The Wind Rises (風立ちぬ /Kaze Ta chi nu, with the nu being a somewhat archaic verb ending implying that things are happening), is the last anime movie directed by Miyazaki Hayao before his [current] retirement. It’s interesting because of the subject, the sources, what’s in it, and what isn’t in it.
At the highest level, it’s Miyazaki’s dream of airplanes. He loves airplanes, particularly seaplanes, particularly Italian planes (his studio is named after the Caproni Ca.309 Ghibli). What I consider his best film, Porco Rosso, was about seaplanes flying in the Adriatic between the World Wars.
Next level down is his dream of the life of Horikoshi Jirō, designer of the Mitsubishi A6M Zero fighter. I say dream here, because Horikoshi’s life wasn’t anything like the movie, as we’ll see. And finally, it’s about Horikoshi’s deams of designing and building airplanes. And within those dreams? Horikoshi dreams of meetings with Italian seaplane designer, Giovanni Battista Caproni. Even the aircraft in the anime are dreamlike, with engines that sound more like a skilled ventriloquist mimicking their noise.

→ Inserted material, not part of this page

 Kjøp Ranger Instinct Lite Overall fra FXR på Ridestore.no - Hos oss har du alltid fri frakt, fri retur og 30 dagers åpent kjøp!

The movie has a long introduction and a short epilogue, with the twin-themed main story bookended by identically portrayed disasters. In the introduction, young Horikoshi has a dream in which he meets Caproni and decides to become an aeronautical engineer. The first disaster hits as he’s on the train back to Tokyo University, where he’s working to make his dream come true.
It’s the September 1, 1923 Great Kanto Earthquake, which pretty well leveled Tokyo, and then set fire to the ruins. The earth shakes, the houses collapse, and soon there is a pall of fire and smoke above the entire city. The portrayal of the earthquake is the best I’ve seen in any movie.

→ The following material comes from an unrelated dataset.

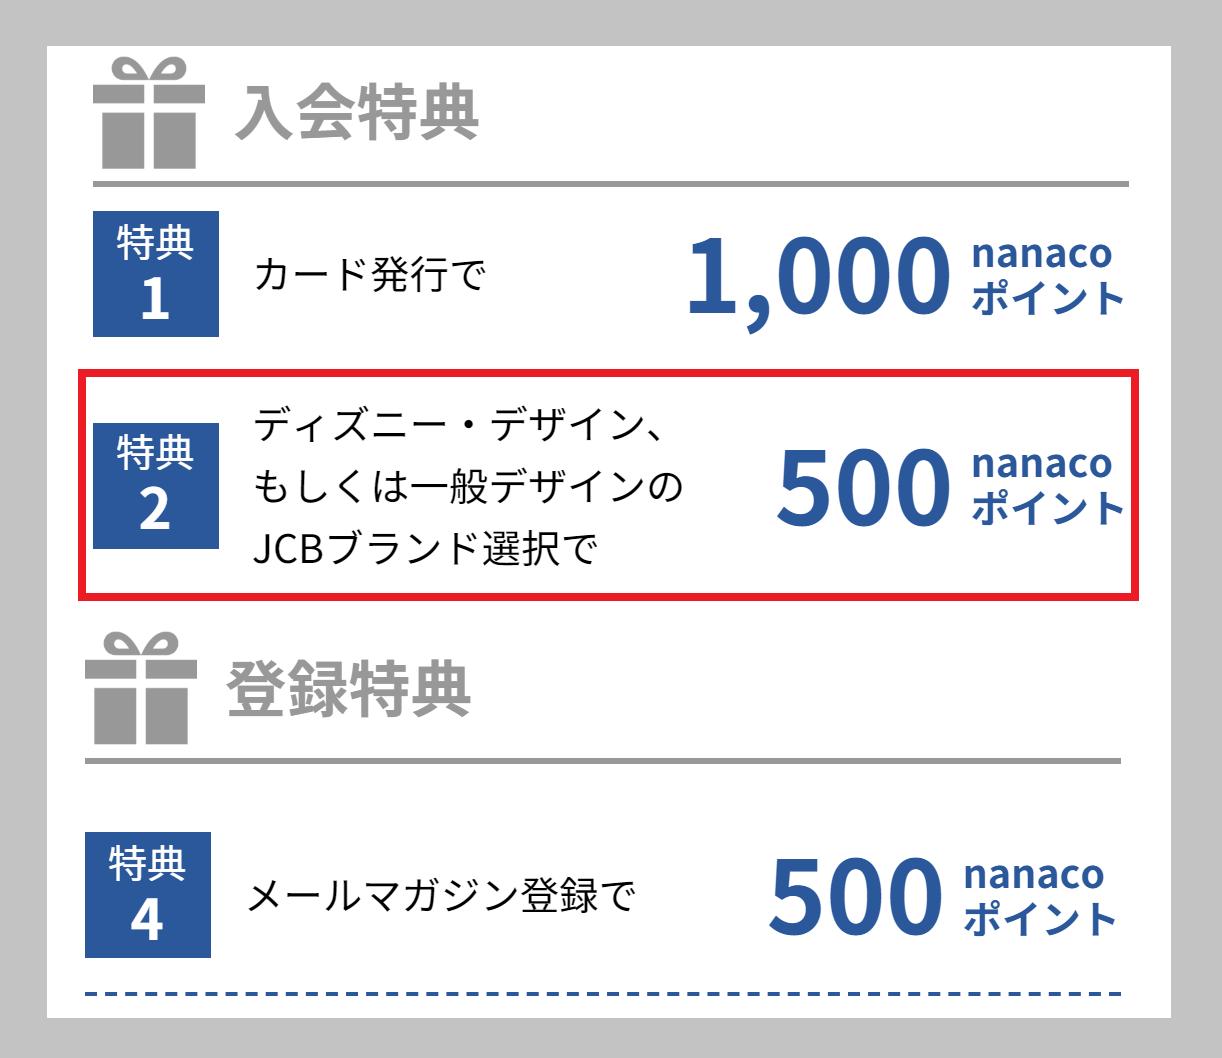 セブンカード・プラスはJCBブランド限定で入会特典が追加されている時期も

On the train, he meets his future love Nahoko Satomi, and helps rescue her maid after the earthquake. Ten years later they meet again, fall in love, and are betrothed. Unfortunately, Nahoko has tuberculosis, and wants to wait until she has gone to a sanatorium and is cured. This being anime, that, of course, never happens, and they end up marrying once they realize that she’s going to die. After a brief but happy interlude, she slips away to the sanatorium to die, so that he will remember her as healthy. This is the dream part of the biography. Horikoshi’s wife didn’t have tuberculosis, and she and their two sons survived the war.

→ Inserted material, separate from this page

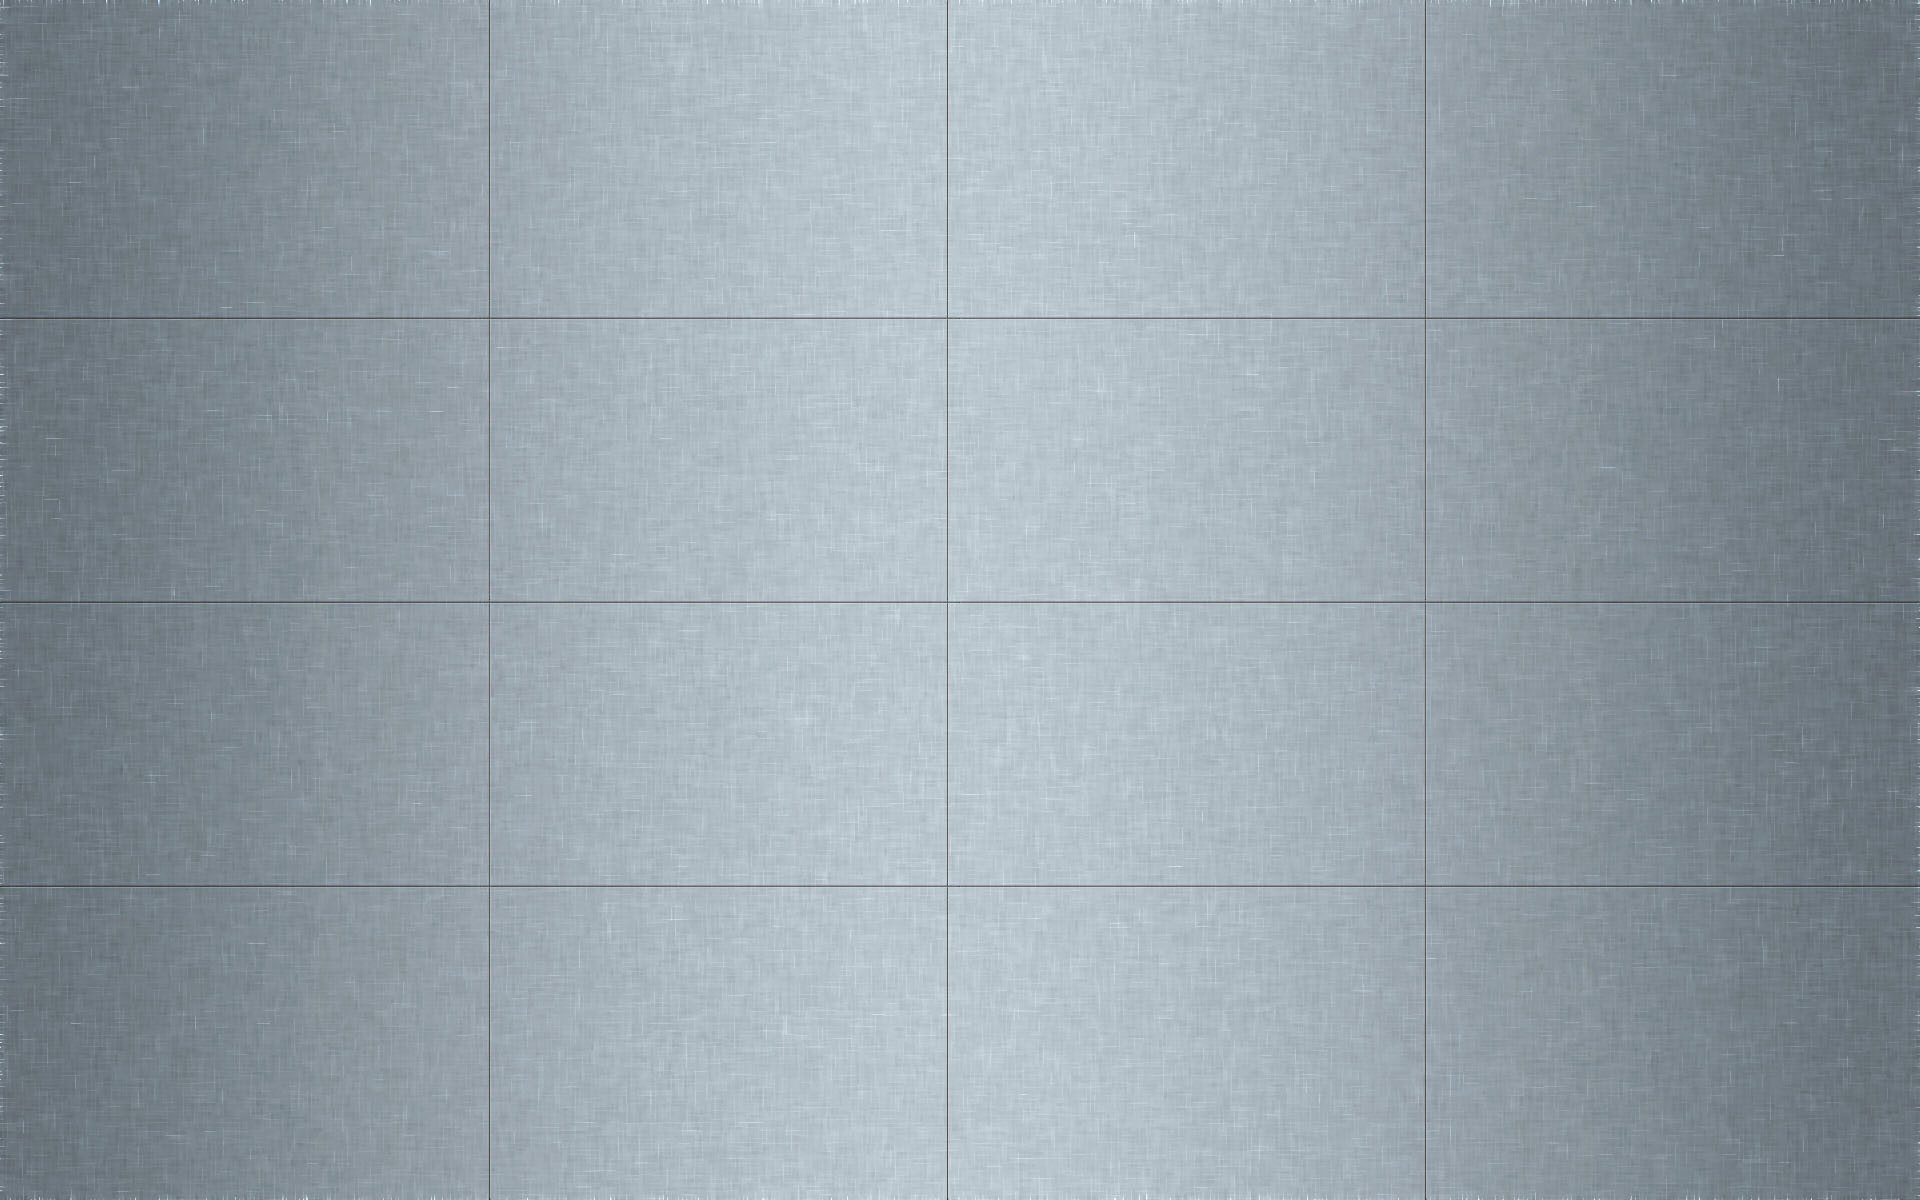 текстура серая линии texture grey line загрузить

The story, and the anime title, were adapted from a 1937 psychological/autobiographical novel by Hori Tatsuo, about a man visiting his fiancée in a sanatorium. I have read translated excerpts, and it is as dull and as interminable as you might imagine a novel on that topic from that period (There’s an example in a collection of Japanese literature available through Amazon books. The interior link is on page viii of the Contents, and the story itself is on page 376).
There’s many more pages like this.
I suspect this story was included because they felt they needed a romance aspect, and the only romance more boring would be “engineer meets girl; engineer marries girl; girl keeps house and raises a family while engineer goes to work.”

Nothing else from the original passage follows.